MBFC BTFO: https://mediabiasdetector.seas.upenn.edu/
The smart way to keep people passive and obedient is to strictly limit the spectrum of acceptable opinion, but allow very lively debate within that spectrum....
Assuming this isn't just evidence that the methodology sucks or the sample is crap because they picked a single right-wing crank site to serve as the functional outgroup, it seems to be pointing to a distinct lack of liveliness. The debates are all over lurid speculation about the diets and religious practices of immigrant communities.
The discourse gap between the two groups have narrowed so much that it wouldn't surprise me if that's how it looks on a chart. They're not arguing about whether they should or shouldn't do things anymore, merely how.
I don't think that's the problem. The problem is that an AI can't know truth from falsehood, or when things are being omitted, overtly emphasized, etc. The only thing it can actually evaluate is tone, and the factual, objective affect that all news reporting tends to use is gonna read as unbiased. It'd only register as biased if they started throwing out insults, used lots of positive or negative adjectives, or other kinds of semantically evident bias. You'd basically need an AGI to actually evaluate how biased an article is. Not to mention that attempting to quantify that bias assumes that there even is a ground truth to compare against, which might be true for the natural sciences but is almost always false for social reality.
You'd basically need an AGI to actually evaluate how biased an article is.
Too many bazingas, including a few on Hexbear, believe that a sufficiently large dataset (and sufficient burned forests and dried up lakes) will make the treat printers AGI.
Oh yeah, if you want something reflecting objective reality, sure absolutely. You need context out the wazoo. But, if you're just measuring a spread of bias from Democrat to Republican among the hegemonic media sources that are already only reporting within that context you can probably be pretty accurate for which way they're leaning. Especially since within that spread "reporting" is largely gonna be providing support for talking points from one party or the other.
This is the exact kind of thing we can expect to get touted as ideal use of AI. They don't care that AI can't possibly know when information is being omitted, contextually less relevant facts are being emphasized, or even if a claim is fabricated (as long as a "credible" source is given, i.e. an NGO or think tank). This is less than useless.
all major LLMs in the west are programmed to have bias. i think if you actually let it train on all data and didn't censor it it would call out propaganda
I don't think it would help much, let's look at CNN's coverage of the pager attack to see what I mean.

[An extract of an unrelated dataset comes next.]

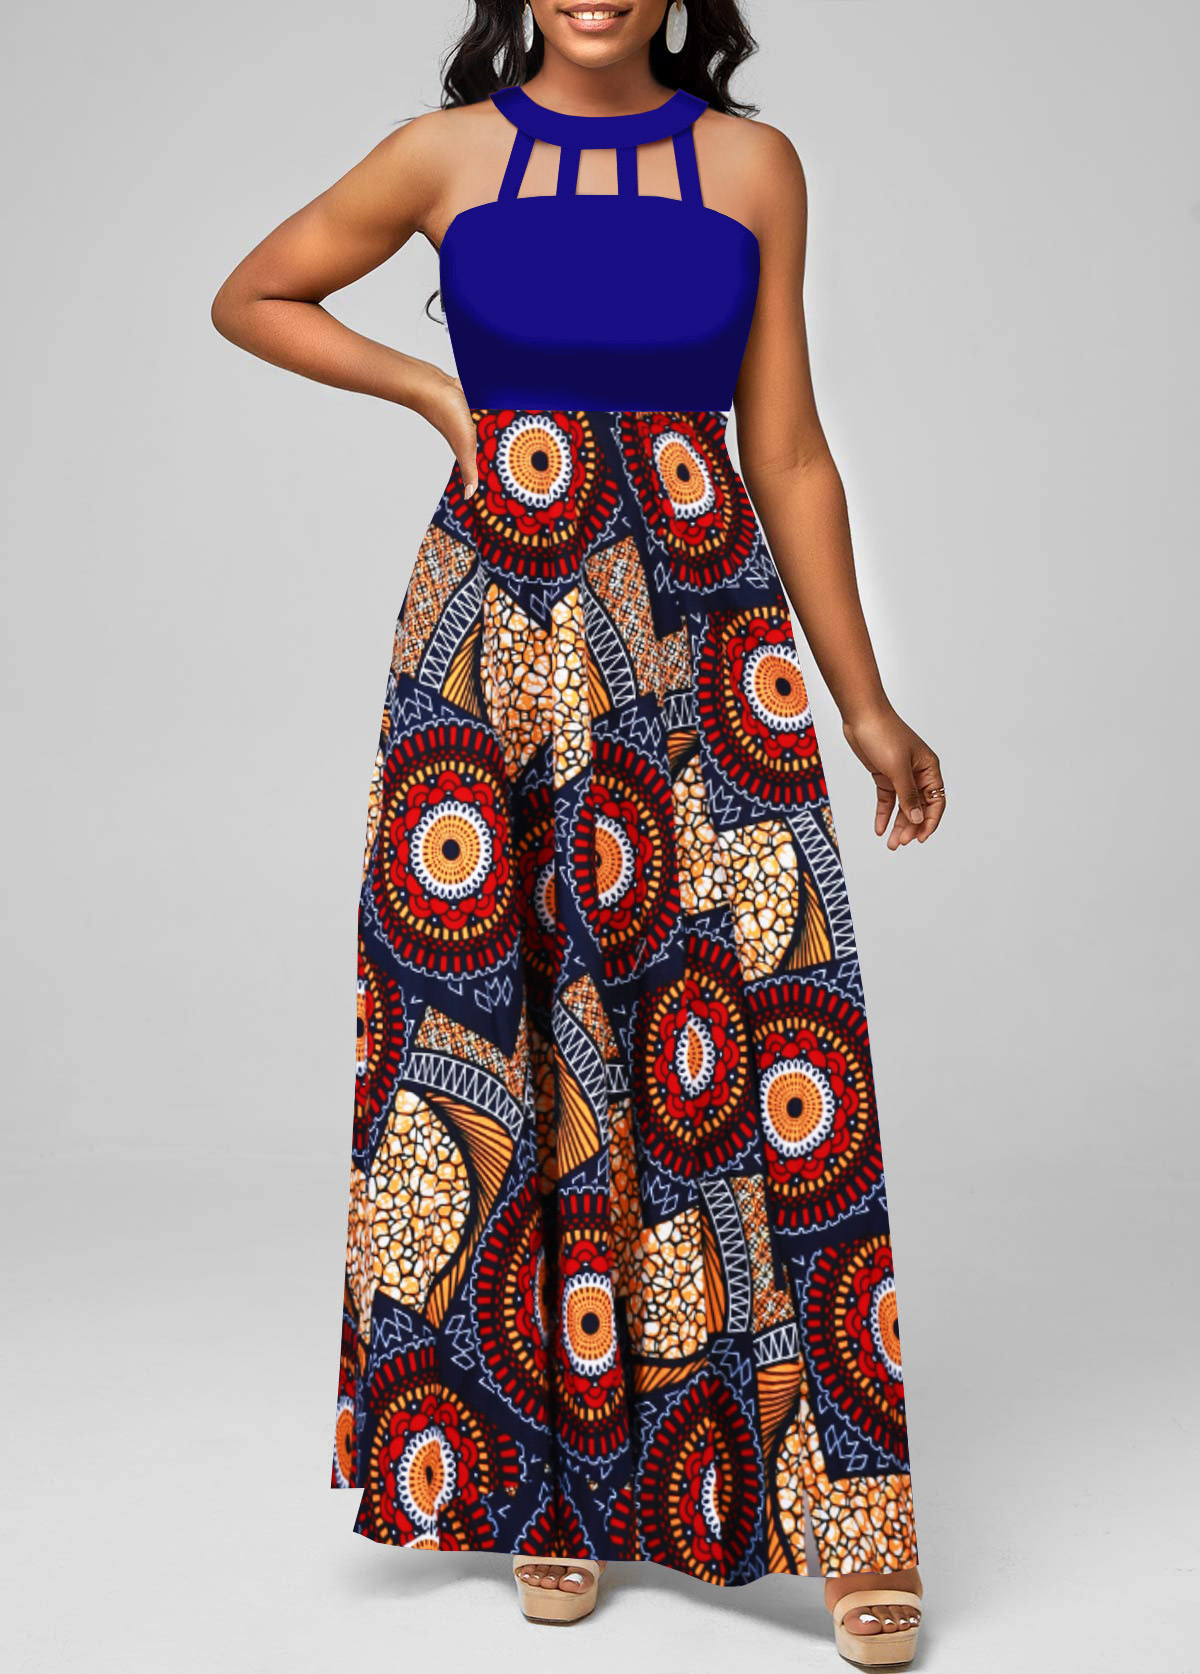 African Tribal Print Cage Neck Navy Sleeveless Maxi Dress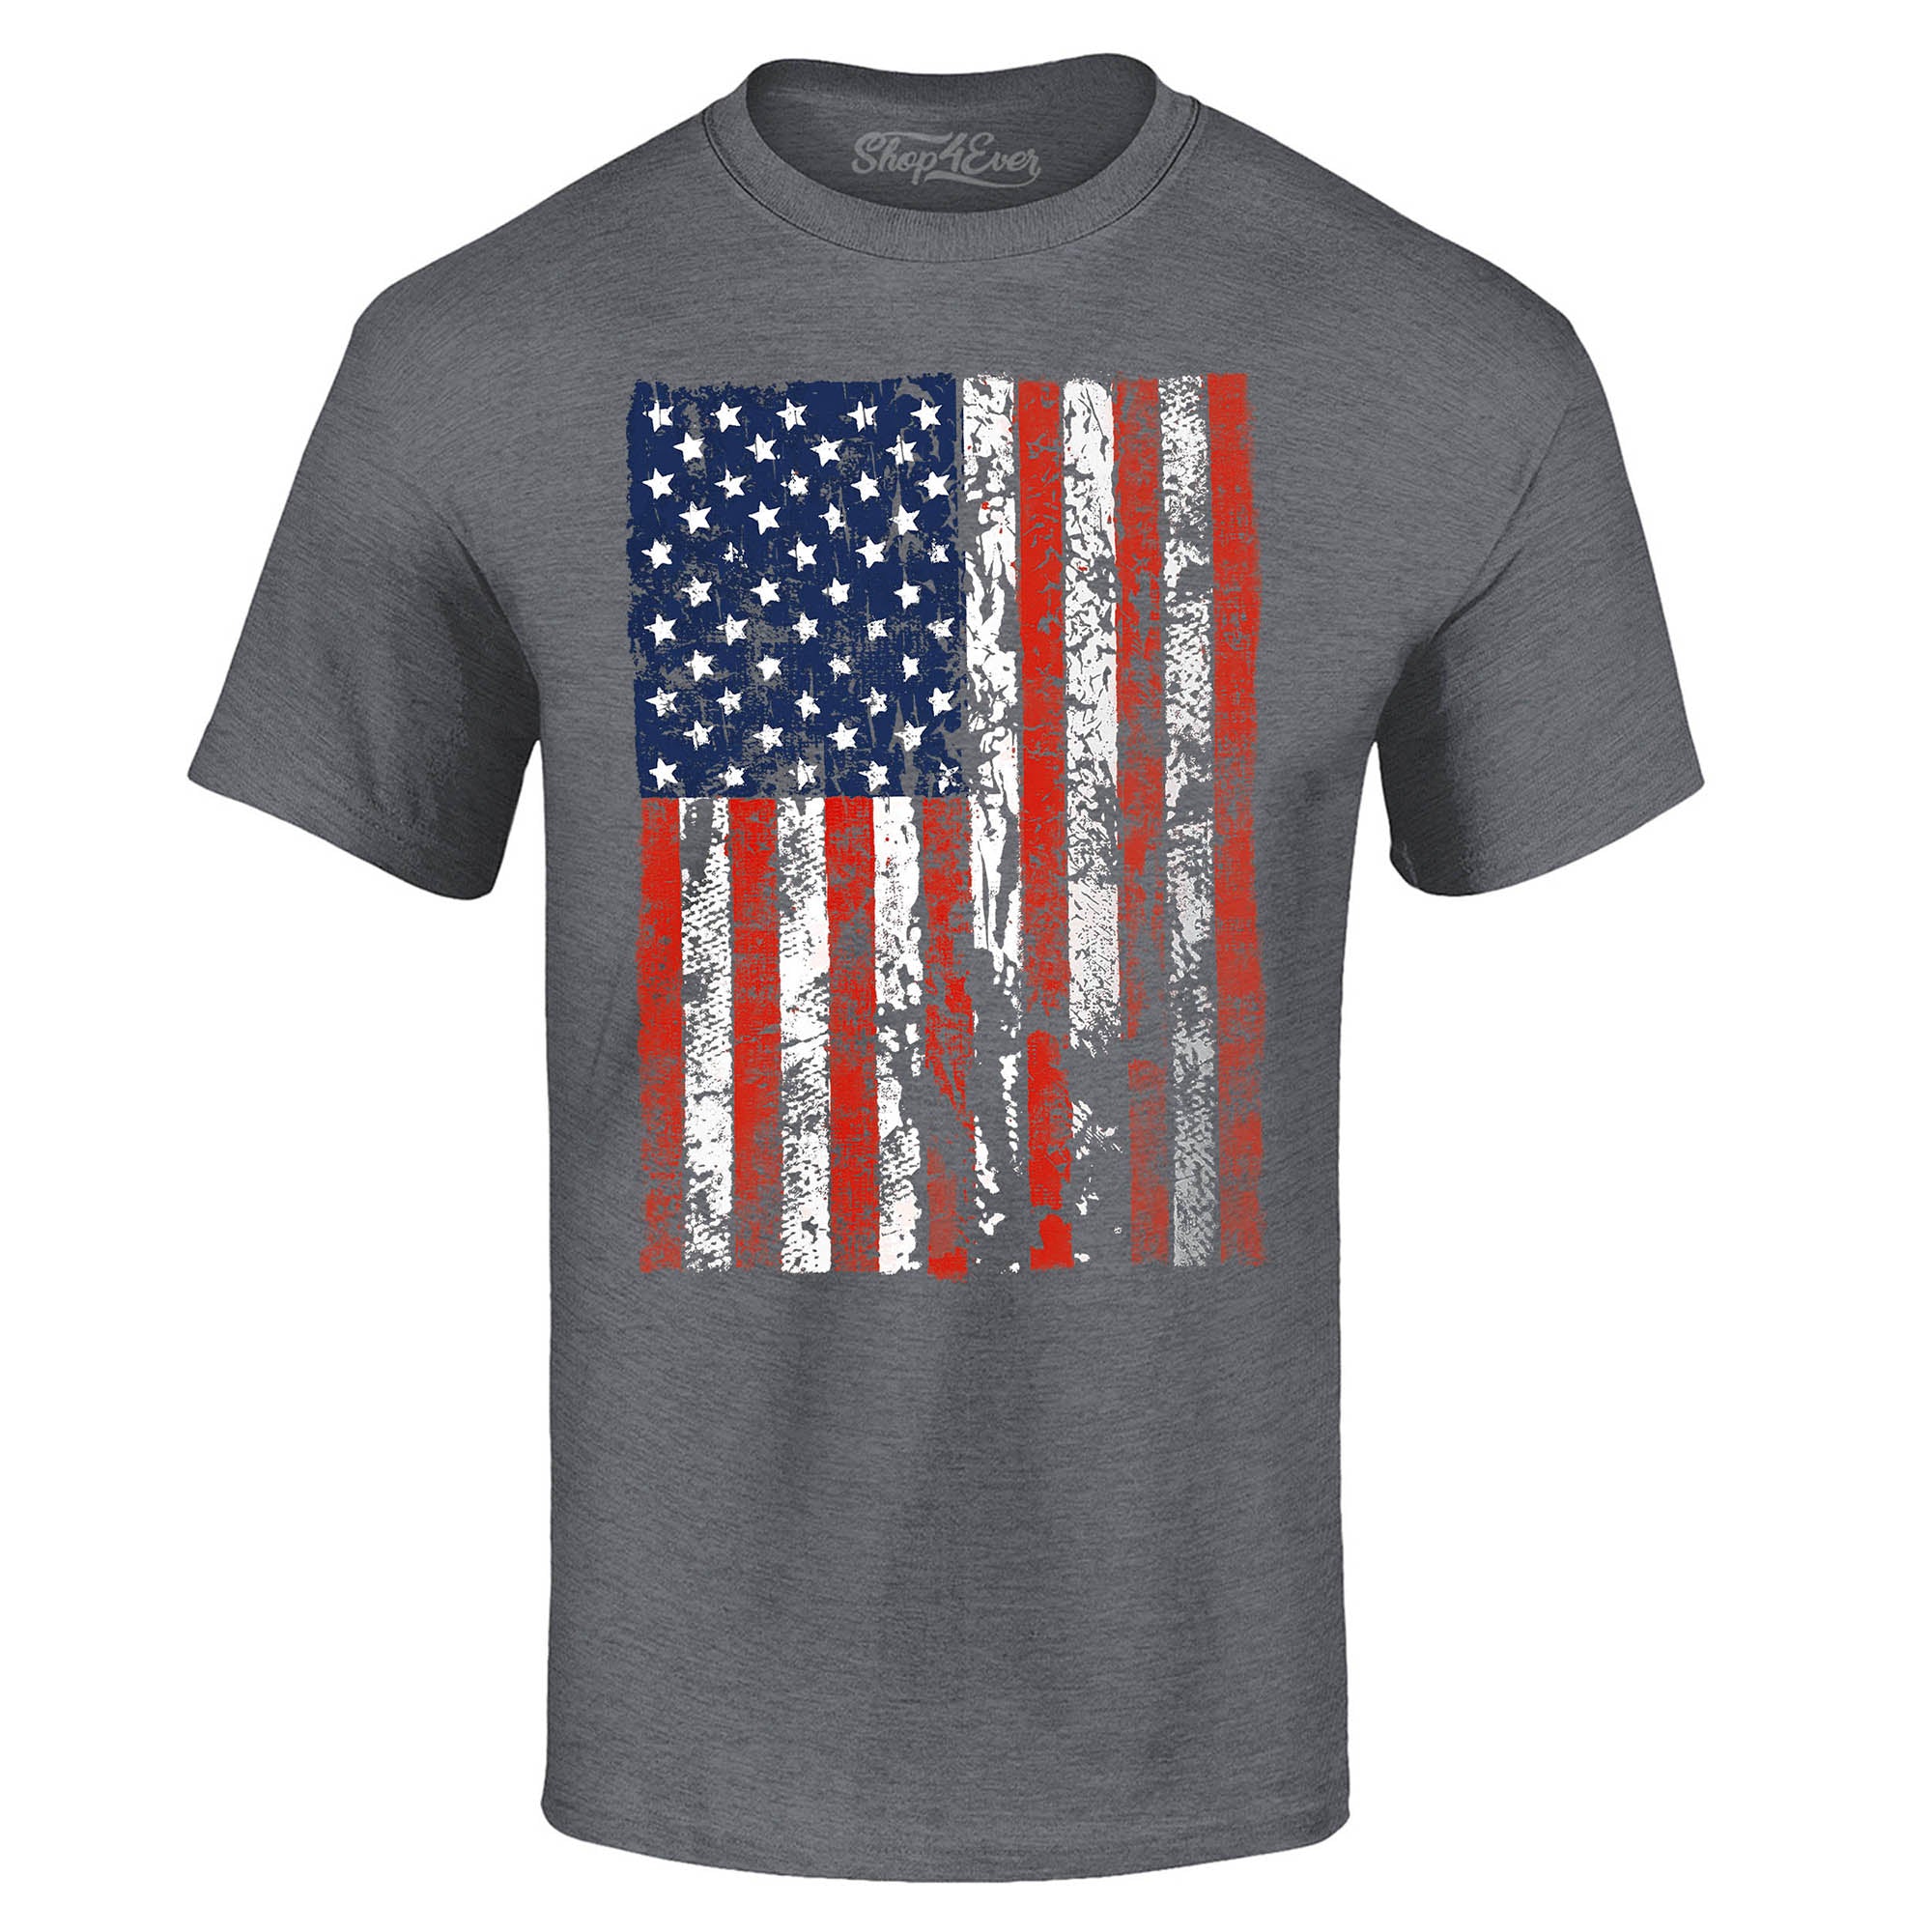 United States of America Flag T-Shirt USA Flag Shirts

So, starting off with the headline, the article is already biased in a way that an LLM couldn't detect: the headline claims the attack was targeting Hezbollah, which is already contradictory with the facts shown immediately below, and contextual information from the real world. As humans, we can think about what it means for pagers to be rigged with explosives and detonated simultaneously at scale. We can understand that there's no way to do that while "targeting" any specific group, because you can't control where rigged consumer goods go. But an LLM would never know that, because an LLM doesn't reason about the world and doesn't actually know what the words it reads and writes represents. The best an LLM could do is notice something wrong between the headline saying the attack targeted Hezbollah and then the body showing that most injured people were civilians. But how could an LLM ever know that, even trained on better data? The article has this statement,
NNA reported that “hacked” pager devices exploded in the towns of Ali Al-Nahri and Riyaq in the central Beqaa valley, resulting in a significant number of injuries. The locations are Hezbollah strongholds.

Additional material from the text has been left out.